▶ _Problem_
Everything in the listing below from the line containing "cellercise the ultimate" through the line containing "Quote 3. Cancer" must be repeated exactly; the remaining lines are not wanted.

▶ _Excerpted data_
● ● ● ● ● ● ●

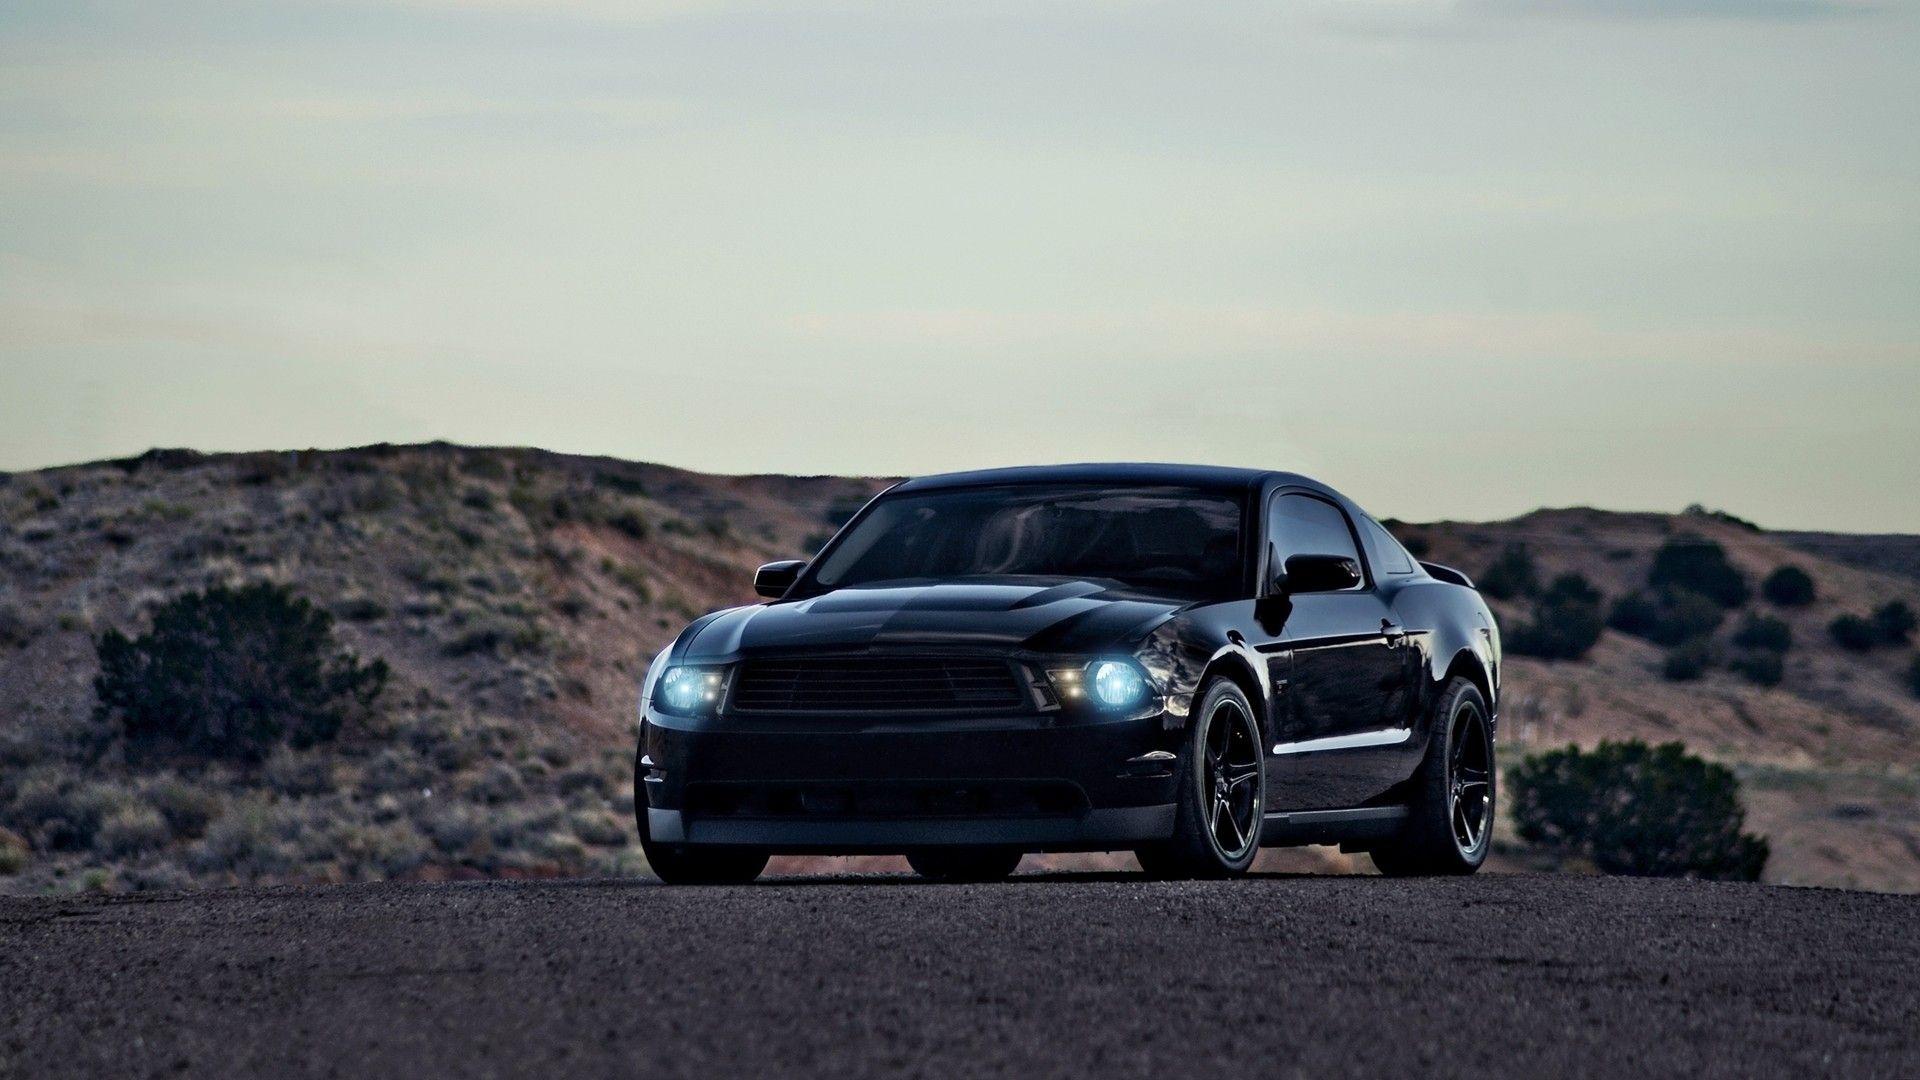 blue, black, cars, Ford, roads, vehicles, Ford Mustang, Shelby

● ● ● ● ● ● ●

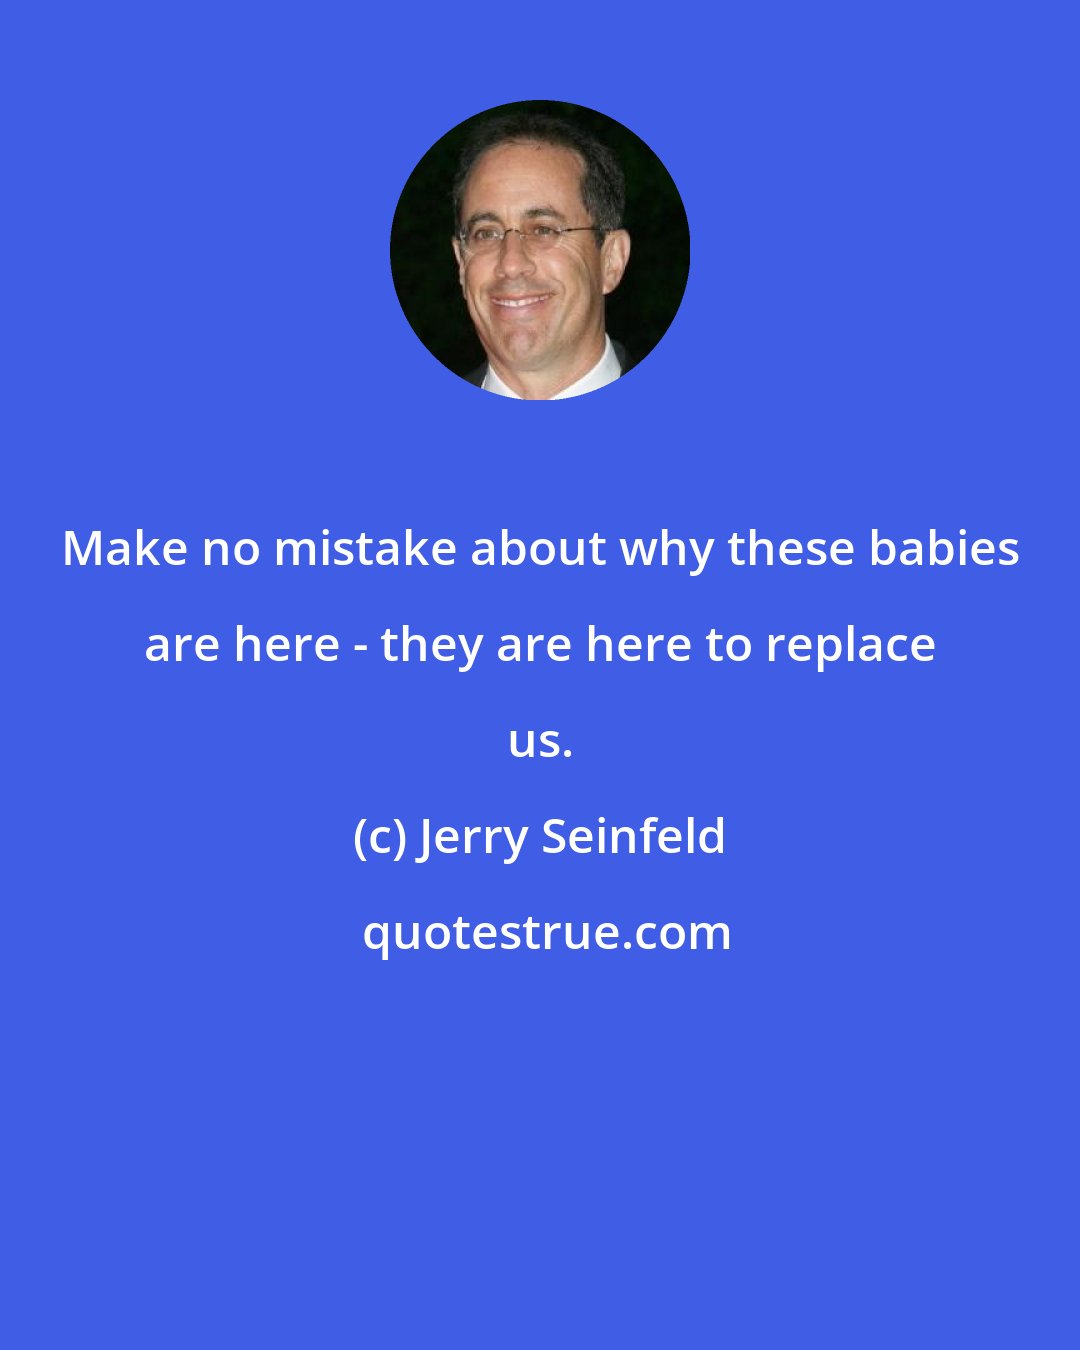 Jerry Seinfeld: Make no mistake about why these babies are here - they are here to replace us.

● ● ● ● ● ● ●

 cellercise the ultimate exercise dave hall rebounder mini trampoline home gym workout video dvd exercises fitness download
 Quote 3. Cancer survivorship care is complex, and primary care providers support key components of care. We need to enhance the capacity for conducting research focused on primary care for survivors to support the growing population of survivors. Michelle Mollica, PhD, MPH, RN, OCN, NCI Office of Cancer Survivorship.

● ● ● ● ● ● ●

▶ _Response to this exercise_
 cellercise the ultimate exercise dave hall rebounder mini trampoline home gym workout video dvd exercises fitness download
 Quote 3. Cancer survivorship care is complex, and primary care providers support key components of care. We need to enhance the capacity for conducting research focused on primary care for survivors to support the growing population of survivors. Michelle Mollica, PhD, MPH, RN, OCN, NCI Office of Cancer Survivorship.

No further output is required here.